Одиссей понял, что царица Мериамун завидовала красоте и славе той, которая обитала в храме Таниса, и замолчал, умея молчать, когда это было нужно.
ГЛАВА X. Страшная ночь
Пир был испорчен: страх омрачил лица присутствовавших. Женщины и мужчины молчали, смех лишь изредка нарушал тишину в зале. Скиталец пил мало, ожидая, что будет дальше. Царица наблюдала за ним и одна из всего общества была довольна пиром. Вдруг боковая дверь отворилась, и все испуганно повернули головы. Но страх их был напрасен. Вошли слуги, внесли изображение смерти, как это полагалось на пиру, и поставили резную деревянную статуэтку перед фараоном, крича: «Пей вино, царь, веселись, скоро ты будешь взят смертью! Пей и веселись!»

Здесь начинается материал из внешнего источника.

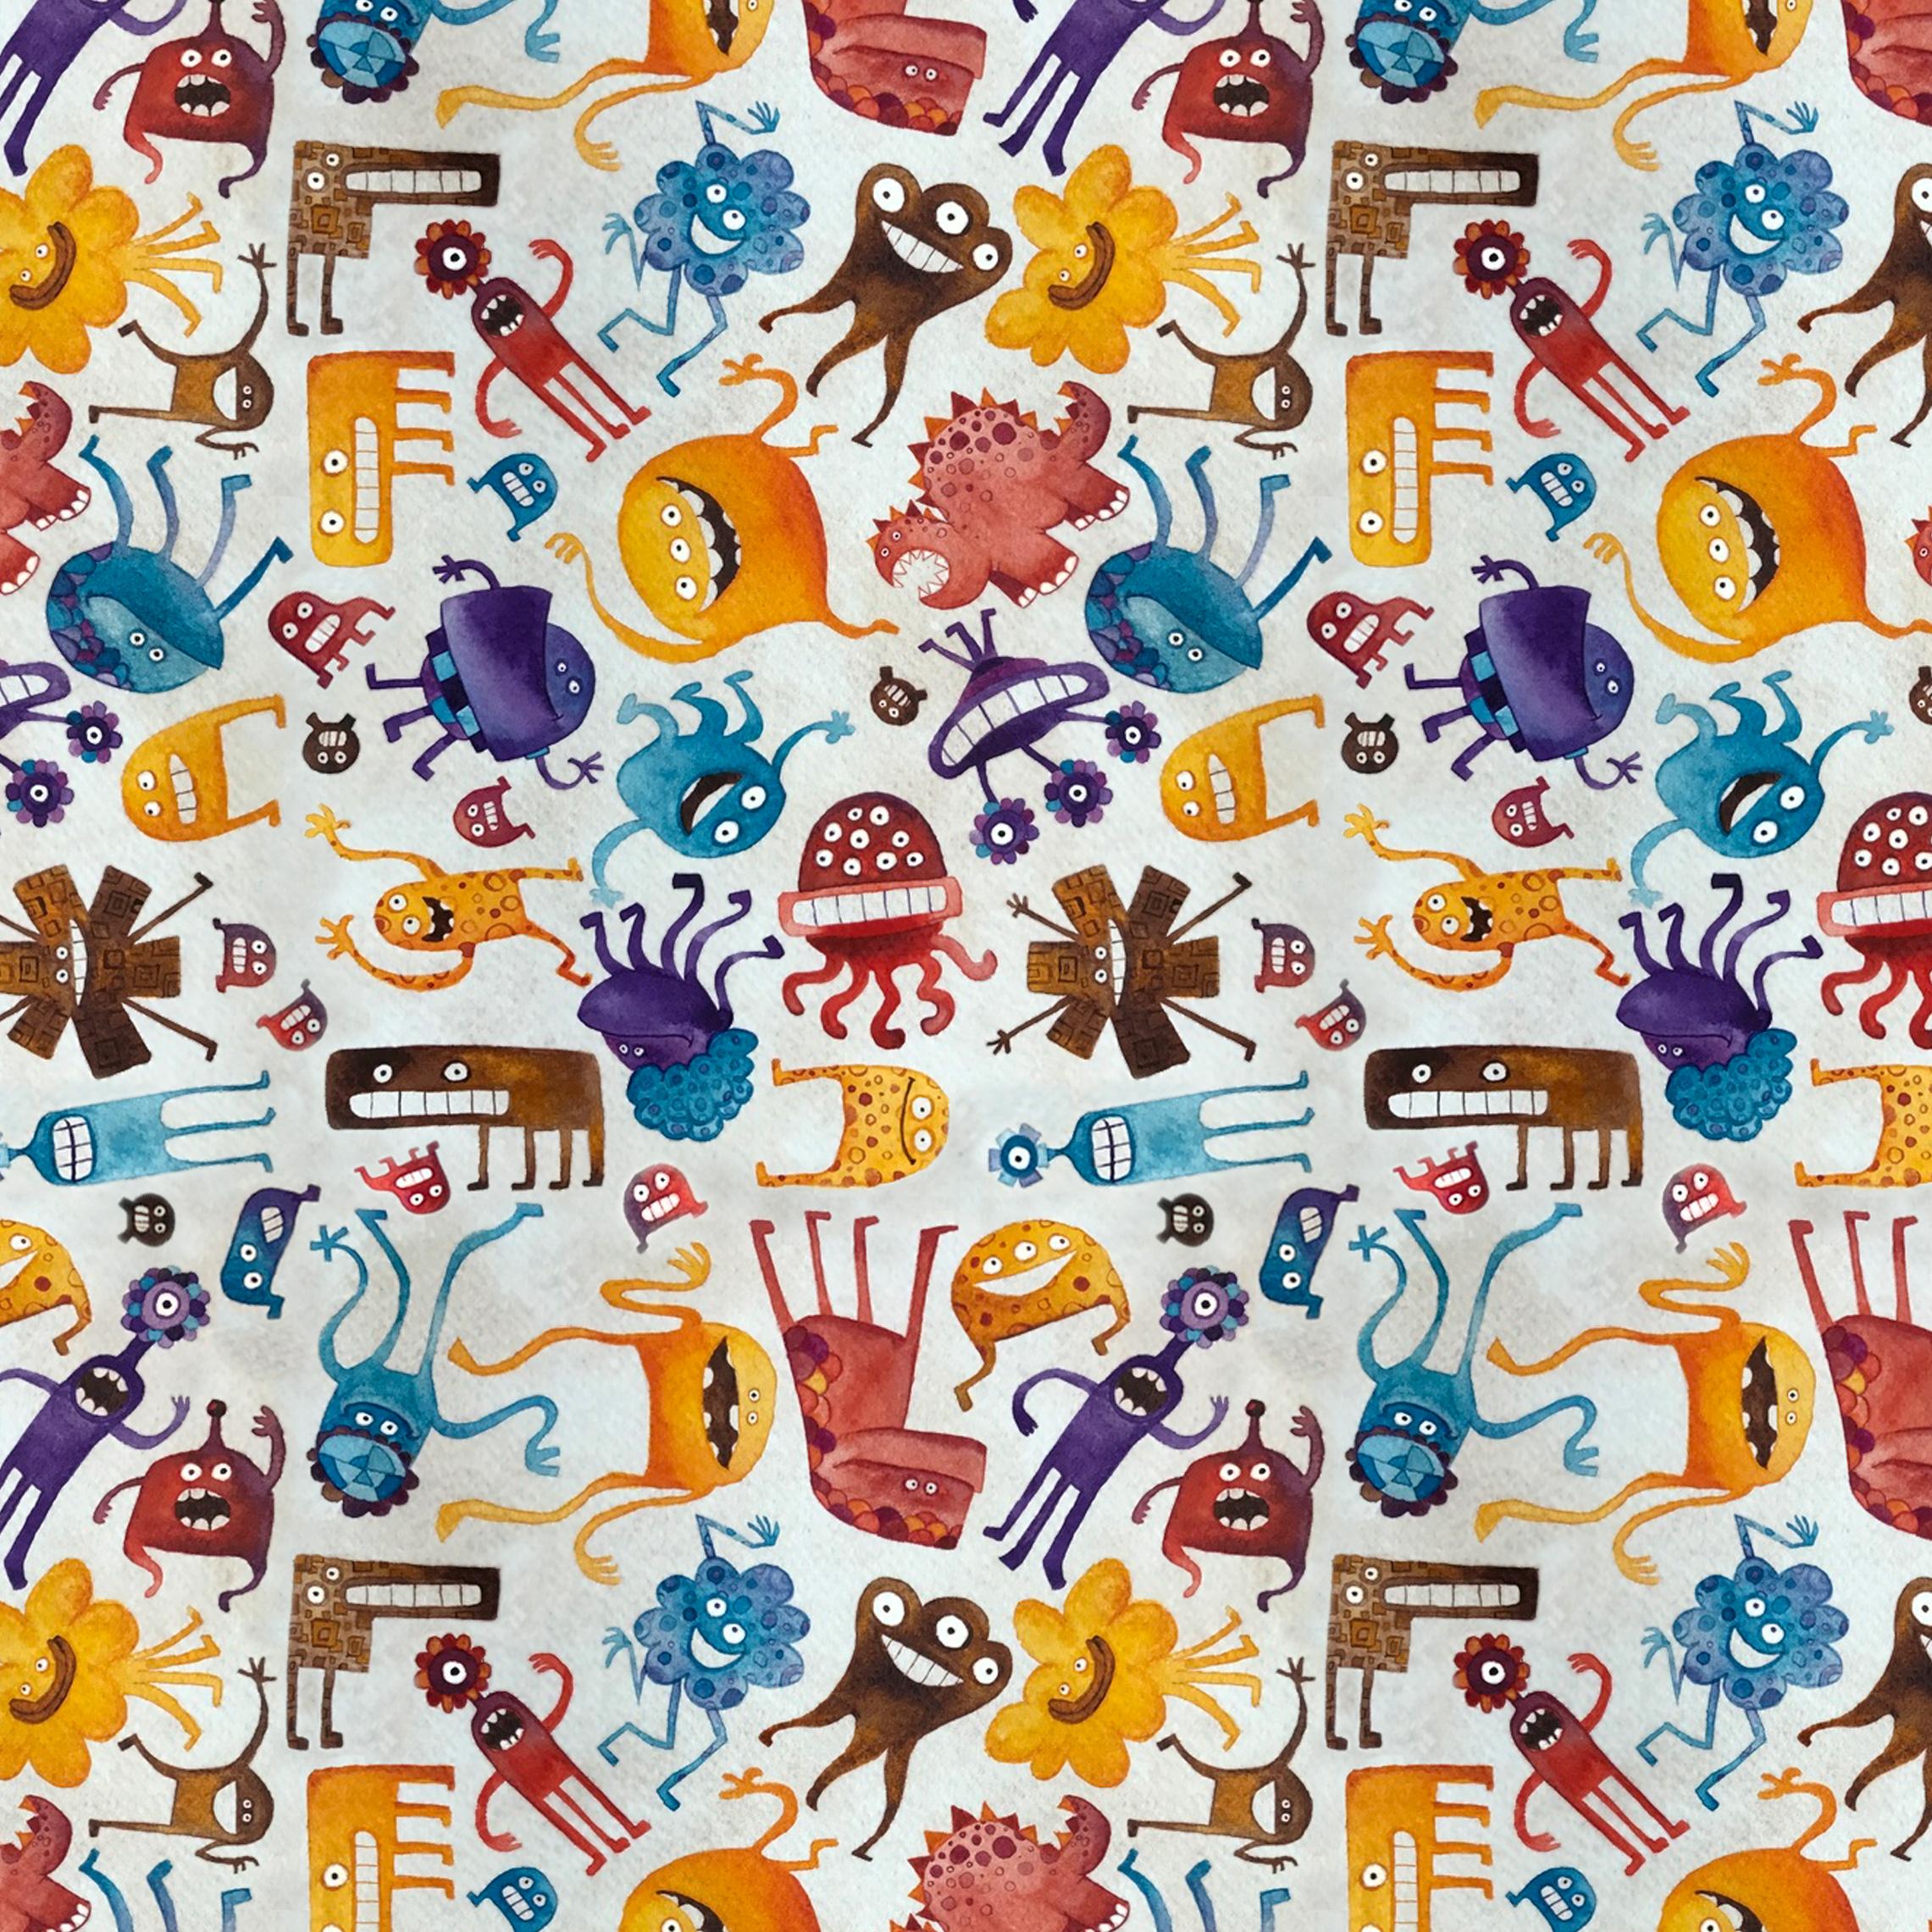 Critter pattern 3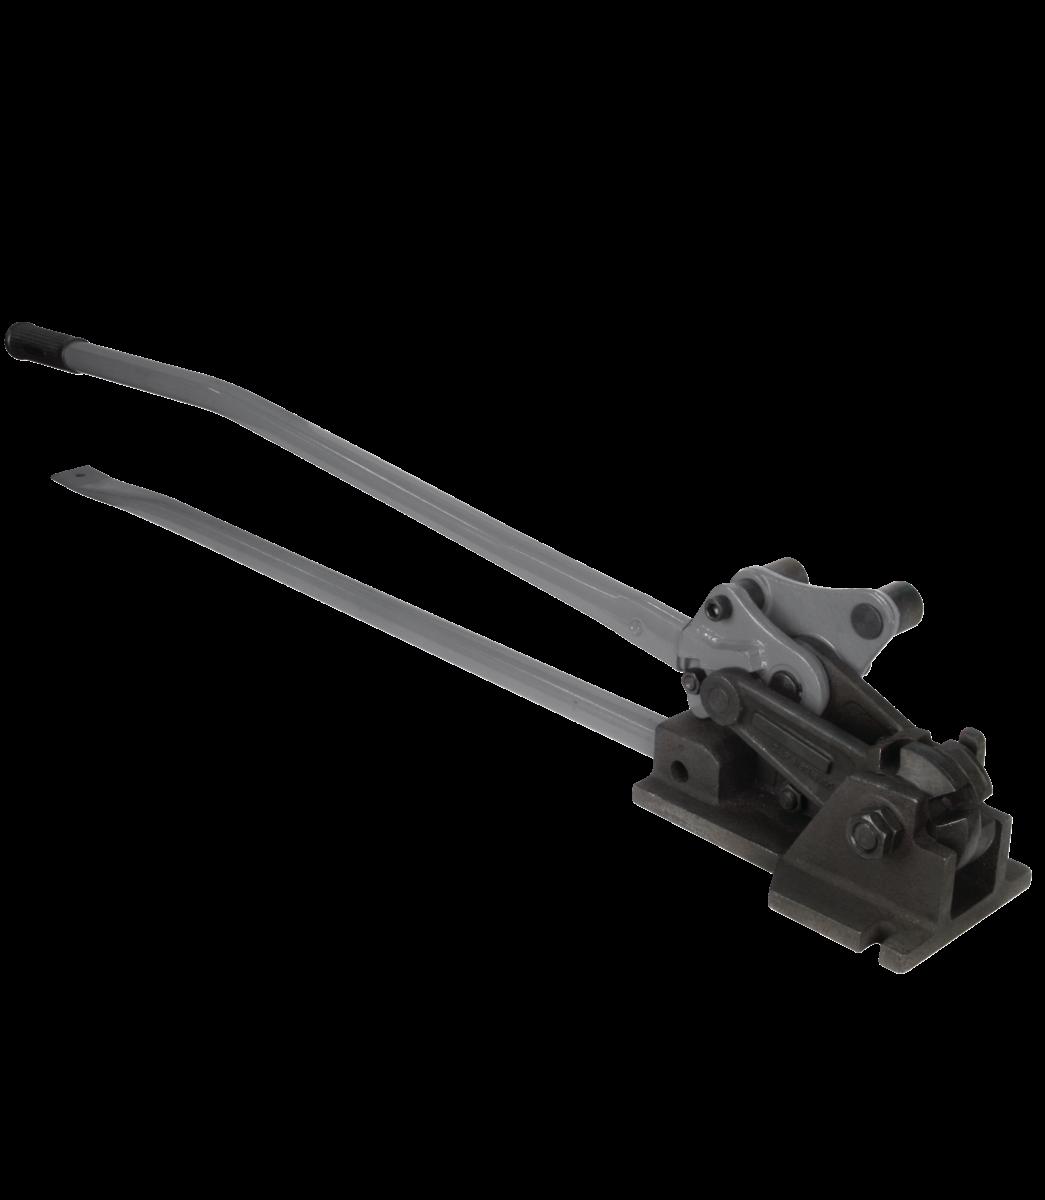 RCB-25 Rebar Cutter

Менепта, все время молчавший, взглянул на изображение смерти и горько засмеялся.
— Сегодня мы не нуждаемся в этом напоминании! — вскричал он. — Смерть близка, да, смерть близка! — с этими словами он упал в свое золоченое кресло, поставив чашу с вином на стол.
— Разве ты муж? — сказала Мериамун тихо. — Муж ли ты, чтобы так пугаться? Разве в первый раз сегодня мы слышим имя смерти? Вспомни великого Менкау-ра, старого фараона, построившего пирамиду Гер. Он был кроток и справедлив, боялся богов, и они показали ему смерть. Испугался ли он, дрожал ли? Нет, он обратил ночь в день, он веселился и прожил еще много лет, наслаждаясь любовью, вином и всеми утехами жизни. Будьте веселы, мои гости, хотя бы веселье наше продолжалось только один час! Пейте вино и будьте мужественны!
— Ты говоришь верно, — сказал фараон, — пейте и забудьте! Боги, посылающие смерть, дают нам вино, чтобы забыться! — Его мрачные глаза блуждали по залу, ища предлога придраться. — А ты, странник, — воскликнул он, — ты не пьешь! Я следил за тобой. Ты пришел с севера, и бледное солнце твоей страны не питает виноградных гроздьев. Ты холоден, любишь пить воду. Почему ты не ищешь забвения в вине, когда час твой близок? Пей же красное вино Кеми. Принесите кубок Пашта! — закричал он слугам. — Царь хочет пить из него!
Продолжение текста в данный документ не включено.